I'm looking to implement a zipcode field in django using the form objects from localflavor, but not quite getting them to work. I want to have a zipcode field in a form (or ModelForm in my case), but the fields never validate as a zipcode when calling _get_errors() on the form object. The way I'm implementing it seems right to me but is apparently wrong, does anyone know what the right way to do this might be?

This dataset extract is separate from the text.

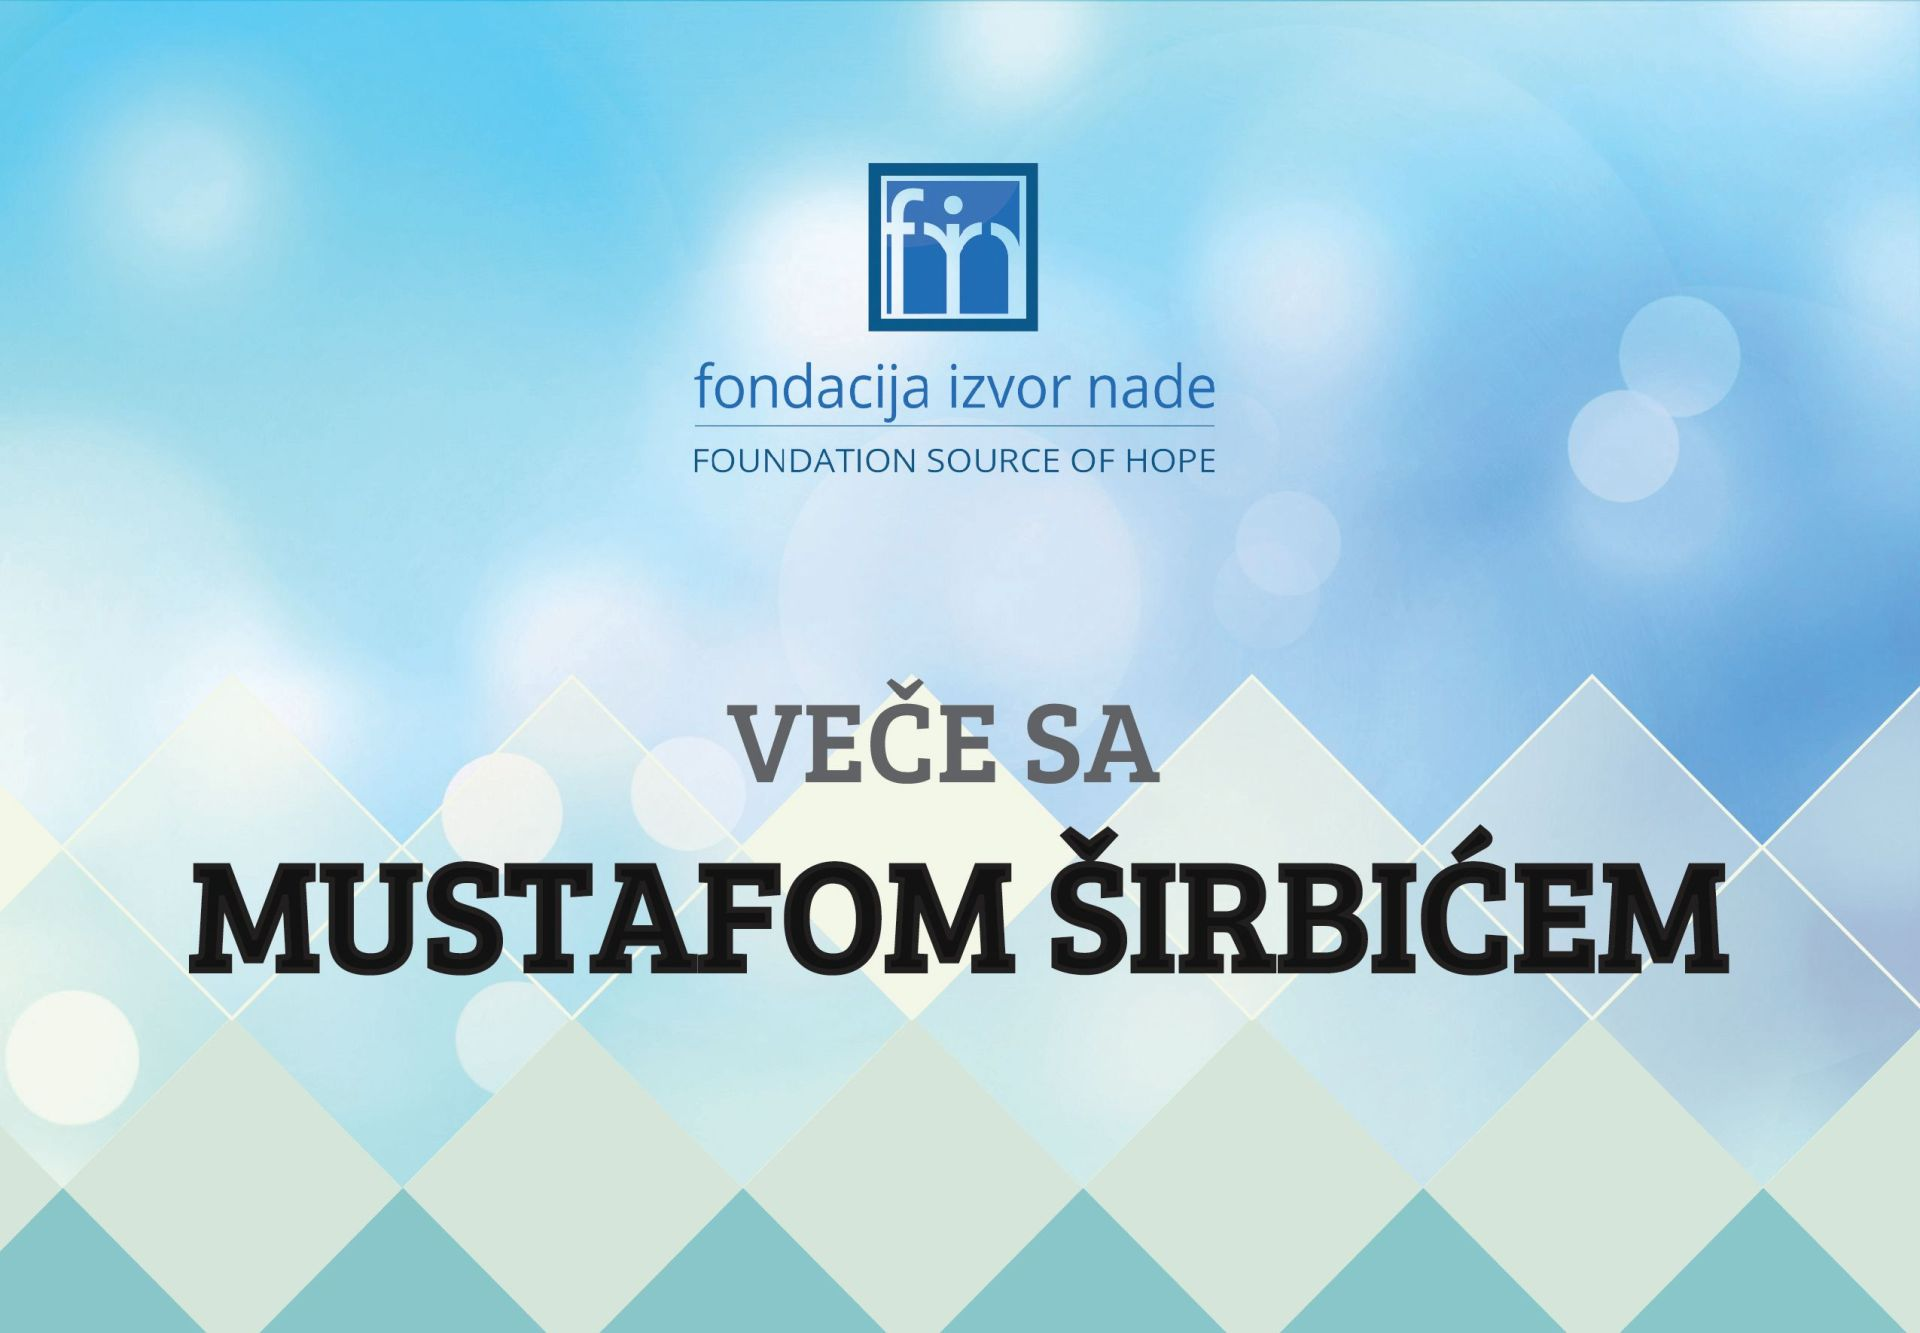 Vece sa Mustafom Sirbicem, Fondacija Izvor nade

I have a ModelForm that I want to use zipcode (and also USStateField) in:

from django.contrib.localflavor.us.forms import USStateField
from django.contrib.localflavor.us.forms import USZipCodeField

class FooForm(ModelForm):
    class Meta:
        model  = Bar
        fields = ('address', #This form uses a subset of fields from the model
                  'address_apt',
                  'address_city',
                  'address_state',
                  'address_zip',
                  'home_phone',
                  'mobile_phone')
        widgets= {
                  'address_zip'    : USZipCodeField(),
                  'address_state'  : USStateField(),
                 }

The ModelForm 'FooForm' links to a model that looks like:

from django.contrib.localflavor.us import models as usmodels

class Bar(models.Model):
    db_table = 'BAR'

    address                 = models.CharField(max_length=255)
    address_apt             = models.CharField(max_length=40, blank=True)
    address_city            = models.CharField(max_length=90)
    address_state           = usmodels.USStateField()
    address_zip             = models.CharField(max_length=15)
    home_phone              = usmodels.PhoneNumberField( )
    mobile_phone            = usmodels.PhoneNumberField( )
    #... There are more fields in the model...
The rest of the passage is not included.